As owner of ________________ shares in AF Gruppen ASA I/we hereby grant

Board Chairman

______________________________ (insert name)

authority to represent and vote for my/our shares at the Extraordinary General Meeting of AF Gruppen ASA on 19 November 2019.

If none of the options above are checked, authorisation will be deemed to have been given to the Board Chairman. If authorisation is given to the Board Chairman, the Board Chairman may authorise another member of the board or management to represent and vote for the shares the authorisation comprises.

If the shareholder so wishes and the Board Chairman has been appointed proxy, the voting instructions below may be completed and submitted to the company. Votes for the shares will then be cast in accordance with the instructions.

Voting instructions:

Resolution Votes
for
Votes
against
Abstain from
voting
Approval of the notice and agenda
Capital increase through the implementation of
a repair share issue

If voting instructions are provided, the following applies:

  • If "Votes for" is checked, this implies an instruction to the proxy to vote for the proposal in the notice, including those changes the Board, the Board Chairman or the chairman of the general meeting may propose.
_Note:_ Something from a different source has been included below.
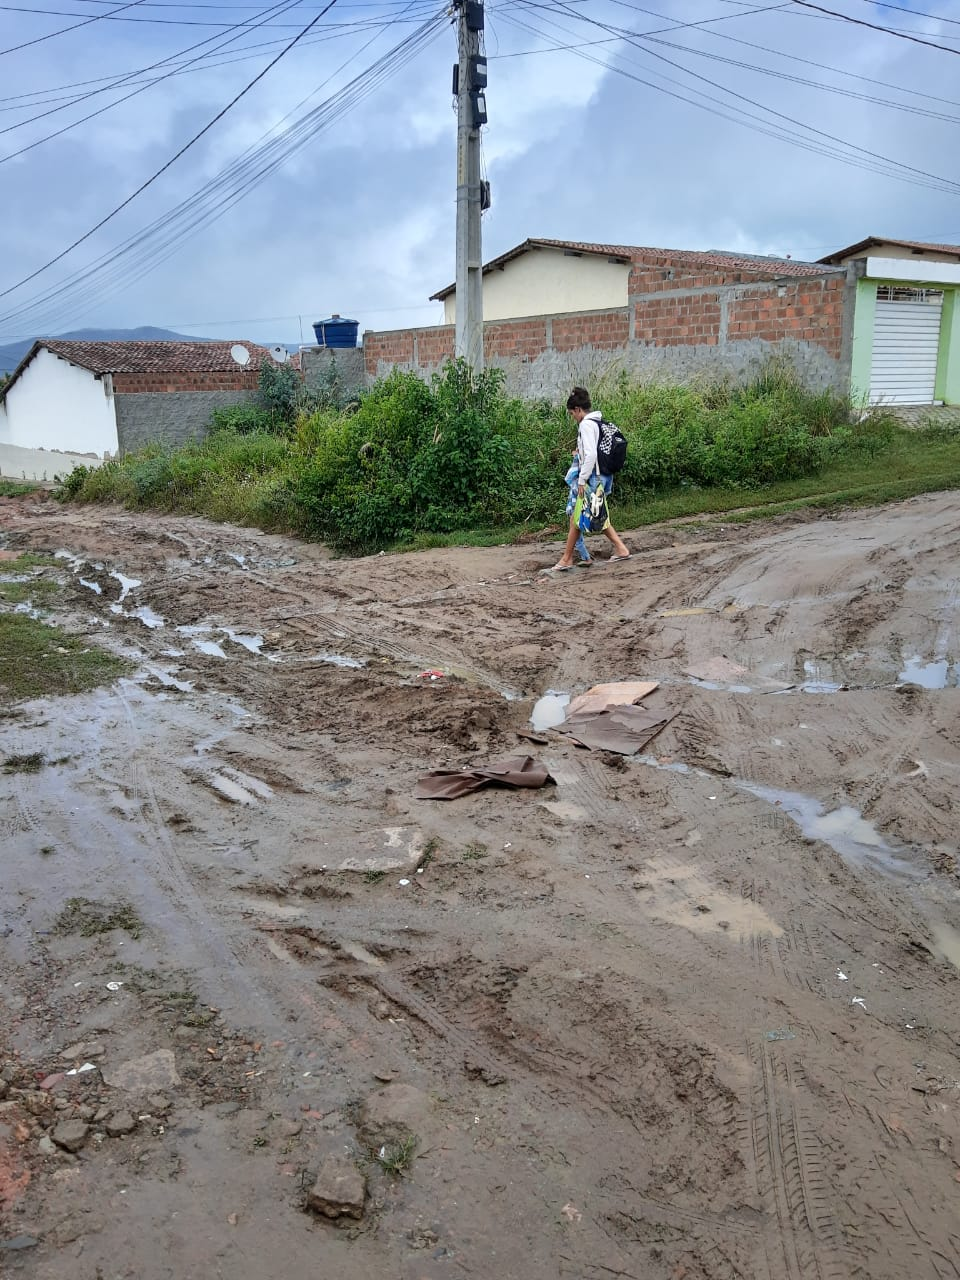 Assista: Viana e Moura da BR, uma verdadeira situação de estado de emergência

In the event of changes with regard to the proposals set forth in the notice, the proxy may at his sole discretion abstain from voting for the shares.
  • If "Votes against" is checked, this implies an instruction to the proxy to vote against the proposal in the notice, including those changes the Board, the Board Chairman or the chairman of the general meeting may propose. In the event of changes with regard to the proposals set forth in the notice, the proxy may at his sole discretion abstain from voting for the shares.
  • If "Abstain from voting" is checked, this implies an instruction to the proxy to not vote for the shares.
  • If no option is checked, this implies that the proxy is free to decide how to cast votes for the shares.
  • In the event of elections the instructions are limited to voting to elect the candidates specified in the proxy form.
  • When voting on matters that are not set forth in the notice but which legally are brought up for resolution at the general meeting, the proxy is free to decide how to vote for the shares. The same applies to votes on formal matters, e.g. selection of meeting chairman, voting order or voting procedure.
  • If the shareholder has appointed another proxy than the Board Chairman and wishes to provide the person in question with instructions on voting, this is a matter between the shareholder and proxy that is of no concern to the company. In this case the company assumes no responsibility to check whether the proxy votes in accordance with the instructions.
Signature: ______*

Name: ________________________ (block letters)

Place, date: ________________________

The proxy form is submitted to AF Gruppen ASA, by post: Innspurten 15, P.O. Box 6272 Etterstad, 0603 Oslo or by e-mail : [email protected].

*If authorisation is provided on behalf of a company or other legal person, a certificate of registration and/or proxy that proves that the undersigned is competent to grant the proxy must be enclosed. If satisfactory documentation is not provided, the proxy is free to use or discard the authorisation at his sole discretion.